▶ ACTIVITY:
What needs reproducing is the run of lines in the data below starting at the line with "Energielabel Eendrachtskade 2-131 Groningen" and ending at the line with "河南郑州广告伞供应商 质量保证 广东广州广告伞供应商 质量保证图片", both ends included. Copy it exactly, without pictures, and add nothing.

▶ INFORMATION PROVIDED:
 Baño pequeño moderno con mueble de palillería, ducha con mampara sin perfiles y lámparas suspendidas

==

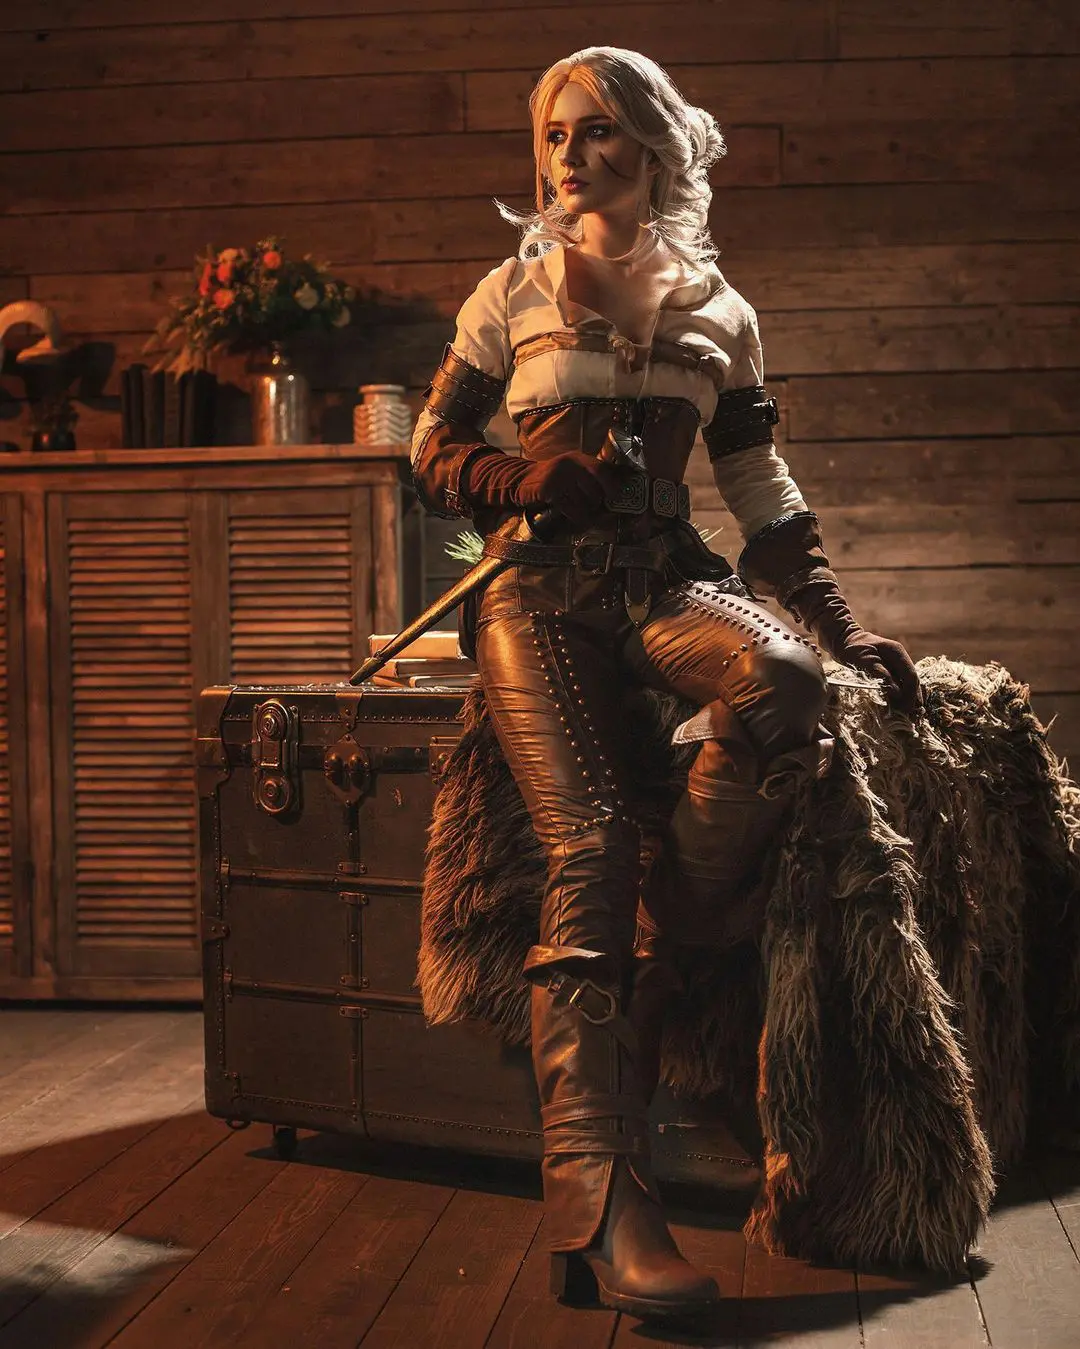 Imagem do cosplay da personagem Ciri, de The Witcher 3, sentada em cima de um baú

==

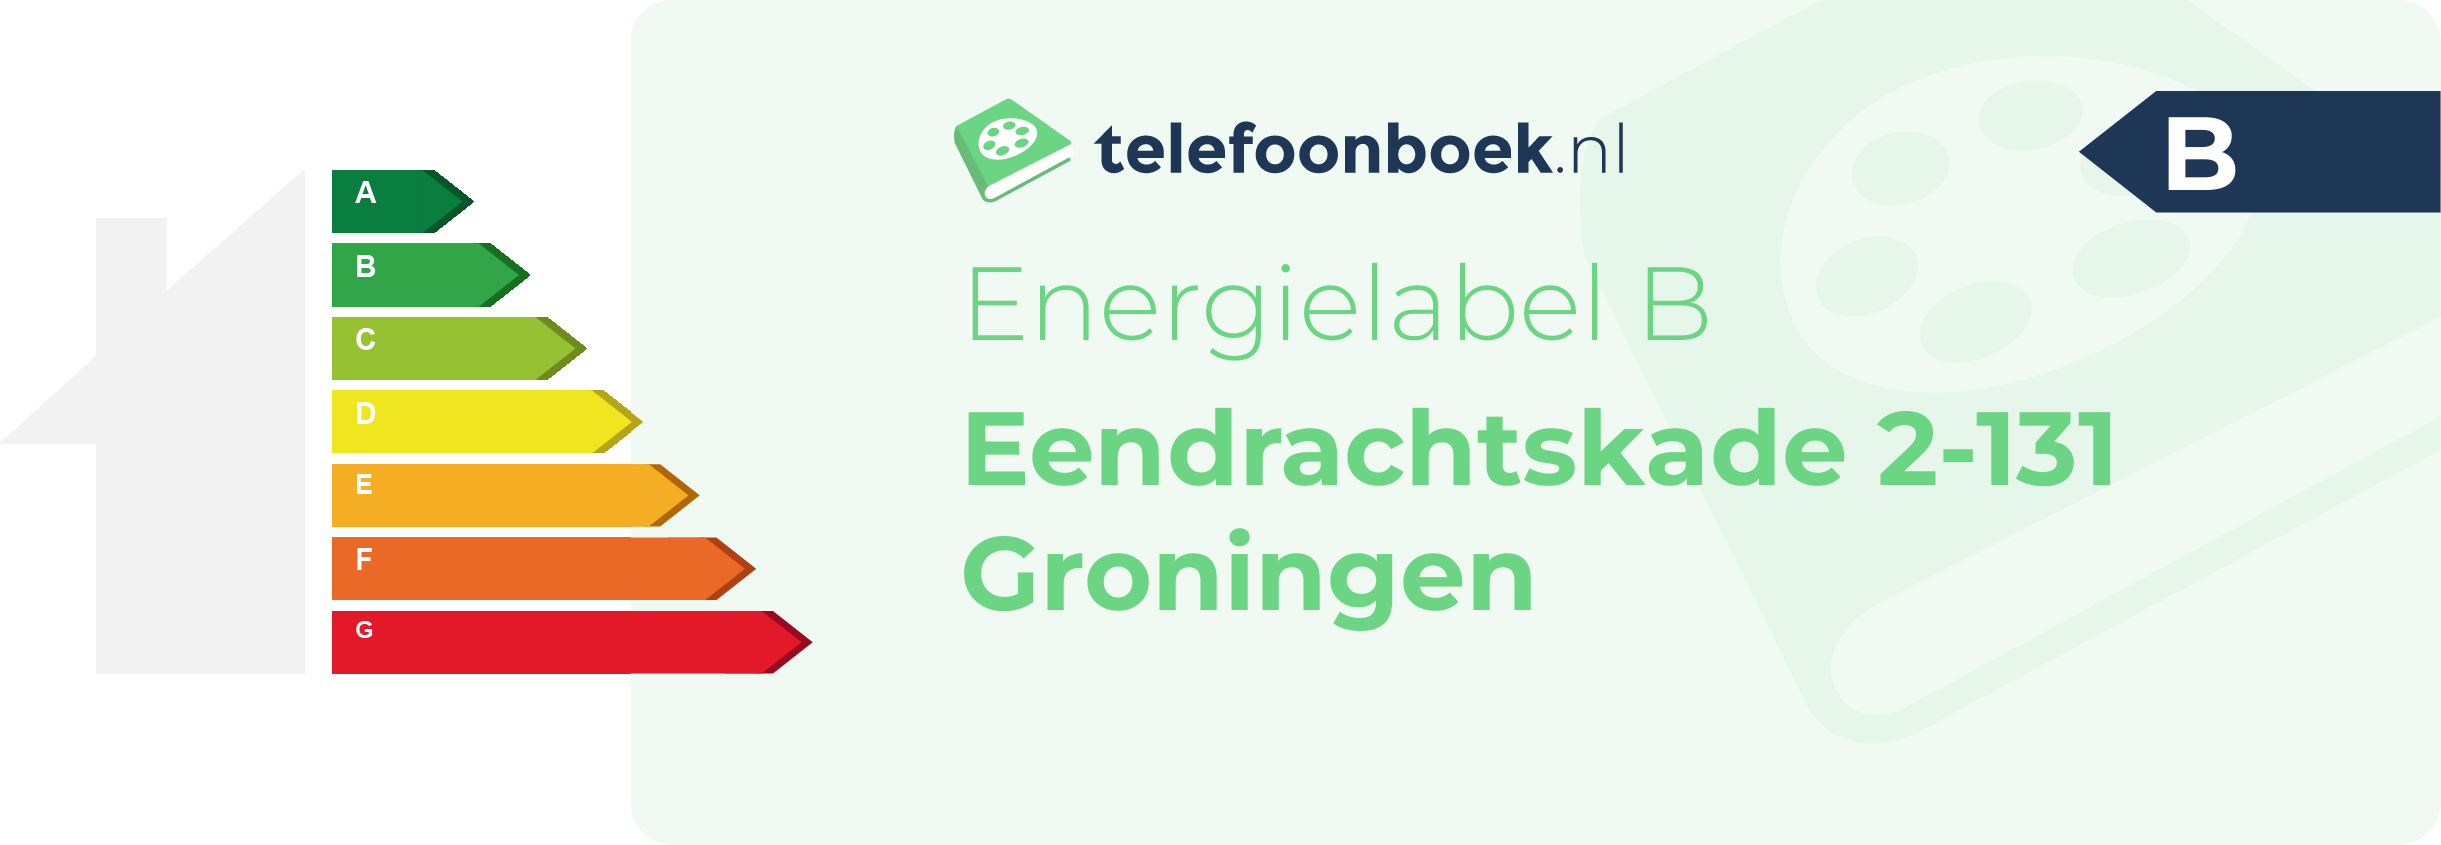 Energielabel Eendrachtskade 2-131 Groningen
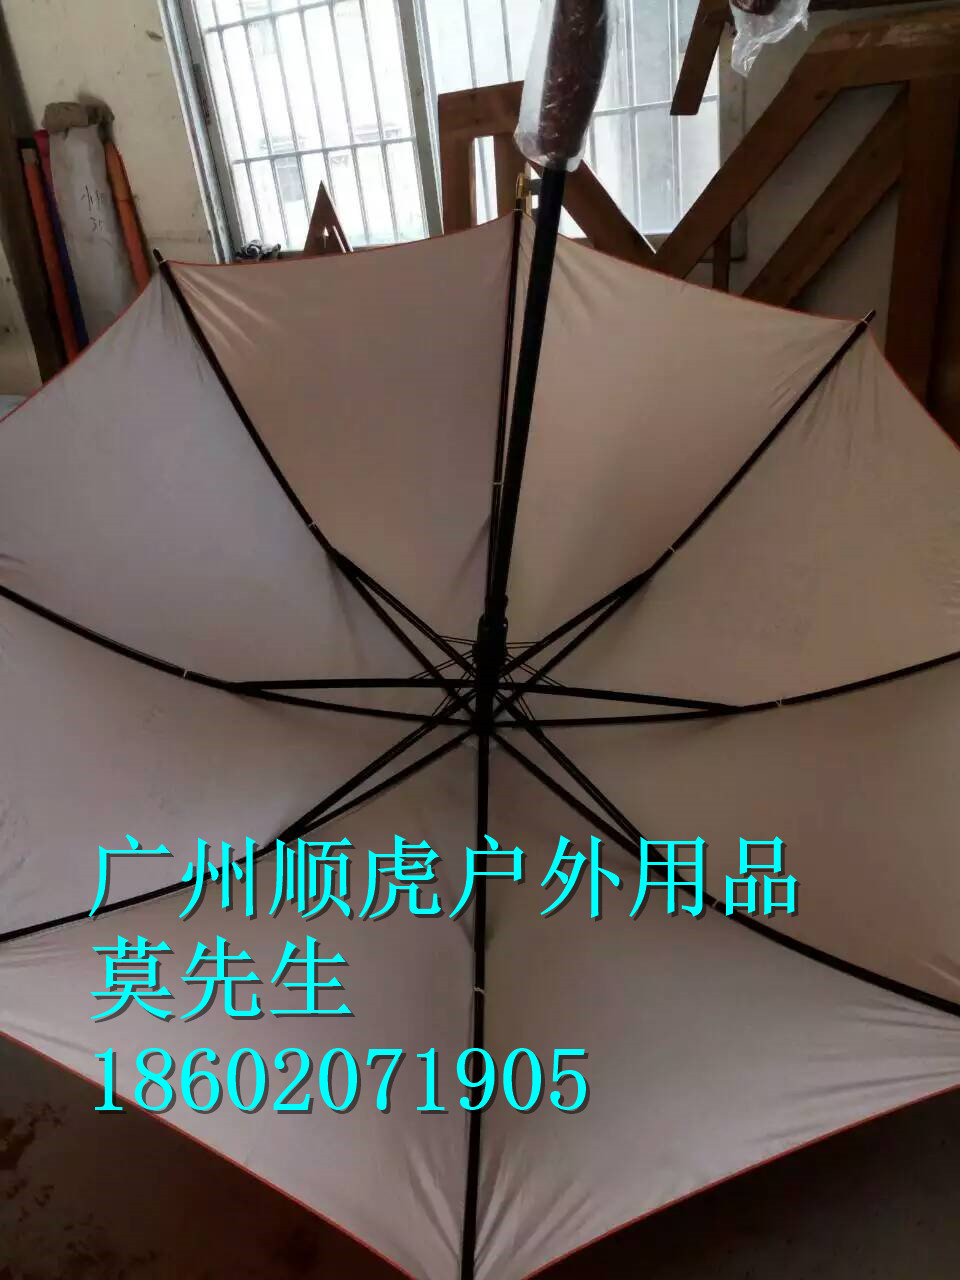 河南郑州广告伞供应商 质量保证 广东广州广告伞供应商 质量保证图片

▶ SOLUTION BELOW:
 Energielabel Eendrachtskade 2-131 Groningen
 河南郑州广告伞供应商 质量保证 广东广州广告伞供应商 质量保证图片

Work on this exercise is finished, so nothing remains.